In our daily lives, we experience the state of our nation as a series of random events with no visible logic or coherence. We see only what we see, and remain blissfully unaware of the partial nature of our vision. A mother might see life as a never-ending cycle of meals to prepare or an infinite pile of dirty clothes to wash. A nurse might see her world as a continual train of diseases on display, while a scavenger would see the world as merely a huge mountain of reusable waste. Our pressing practical concerns tend to overpower our individual visions.
It is the promise of theory to help us see differently, if not a little more. There is, of course, no standpoint from which one can possibly observe everything. Even if we added up all our individual ways of seeing, these would still not amount to anything close to a central commanding vision.
In my field of study, sociology — which I will simply define here as the study of society apart from the individual lives of the people that constitute it – many tools are available that enable us to imagine a society in its totality. One of these is the theory of social systems of the American sociologist Talcott Parsons. I would use this as a guide if I were asked to prepare a report on the current state of the Filipino nation.
To view Philippine society as a social system is to imagine our nation as having to continually solve four basic problems. First, it must adapt to its changing environment, and this essentially means finding the best sustainable means to create national wealth. This is the economic function. Second, it must set collective goals and priorities, use its wealth, and enlist the support of its people to attain these. This is the political function. Third, it must weave the varied threads of human beliefs and desires into the fabric of a common social order. This is the integrative and regulatory function. And finally, it must ensure the continuous formation of those values, identities and motivations that permit individuals to see themselves as members of the Filipino nation. Parsons calls this the pattern-maintenance function, but I call it, more simply, the formative function.

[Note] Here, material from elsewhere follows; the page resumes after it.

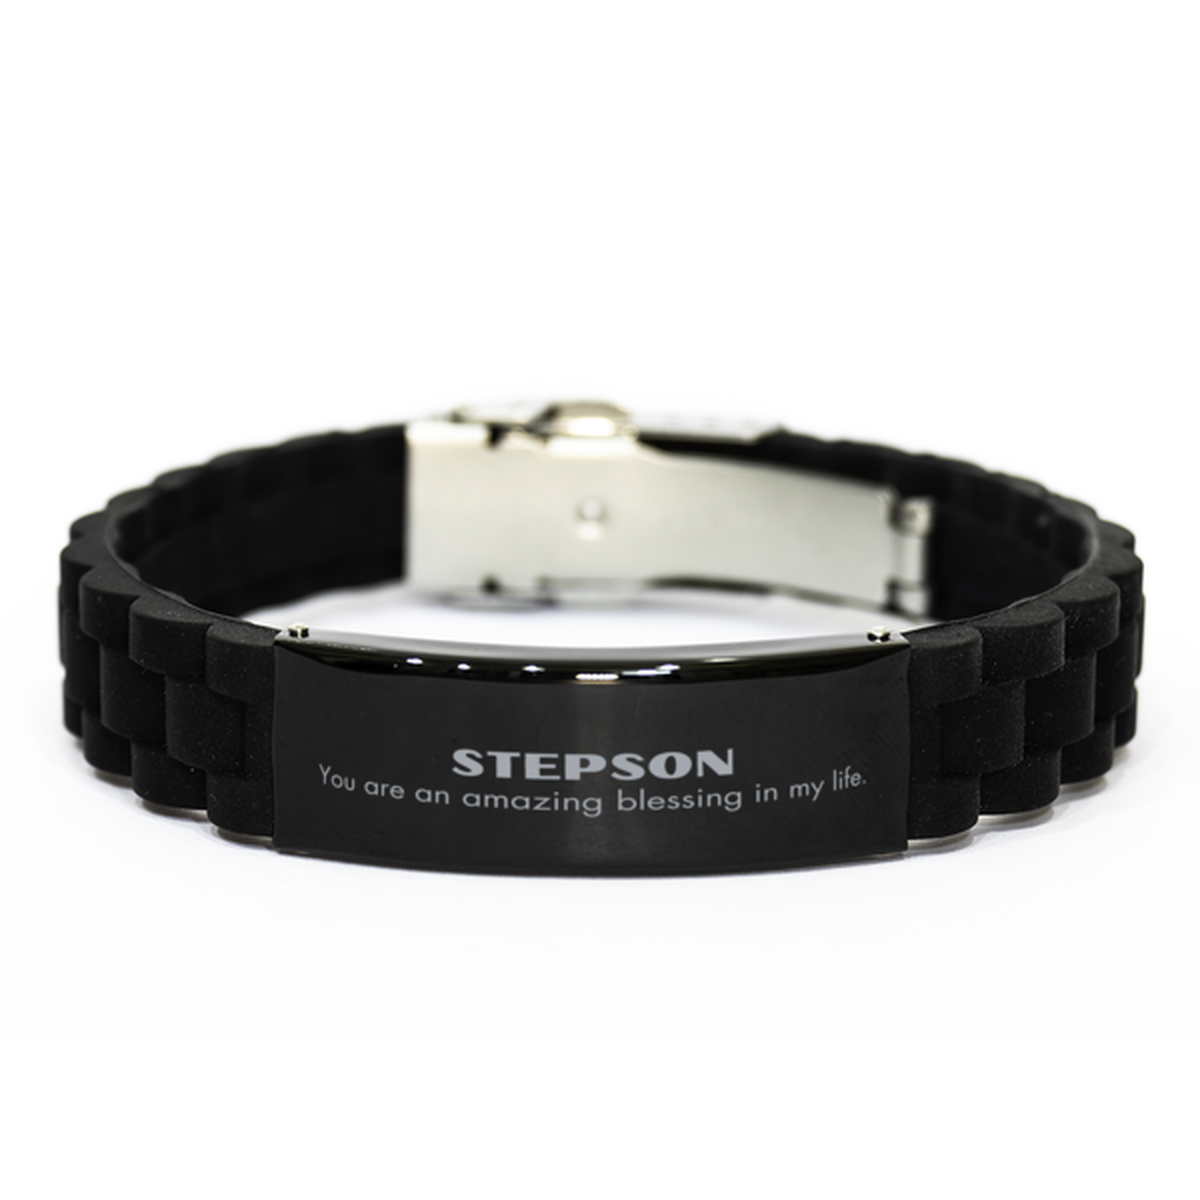 Stepson Black Glidelock Clasp Bracelet, You are an amazing blessing in my life, Thank You Gifts For Stepson, Inspirational Birthday Christmas Unique Gifts For Stepson

Societies have to face the unique demands of the time and place in which they must maintain themselves, and so it is impossible to find two societies that are similar in every way. What works well for one society may often be dysfunctional for another. It is important for every nation to find its own solutions and develop a way of tracking its progress on the four basic problems mentioned.
Successful adaptation to its environment makes a nation wealthy. Such wealth, as much as possible, must be general and diversified rather than tied to one or two resources. It must be made available not just to a few but to the many, and not just to the current generation but also to future generations. When a nation is mired in persistent poverty and underdevelopment, we can safely conclude that it has failed to adapt to its environment. Chances are its dysfunctional economy is also dependent and highly vulnerable to the twists and turns of the global economy.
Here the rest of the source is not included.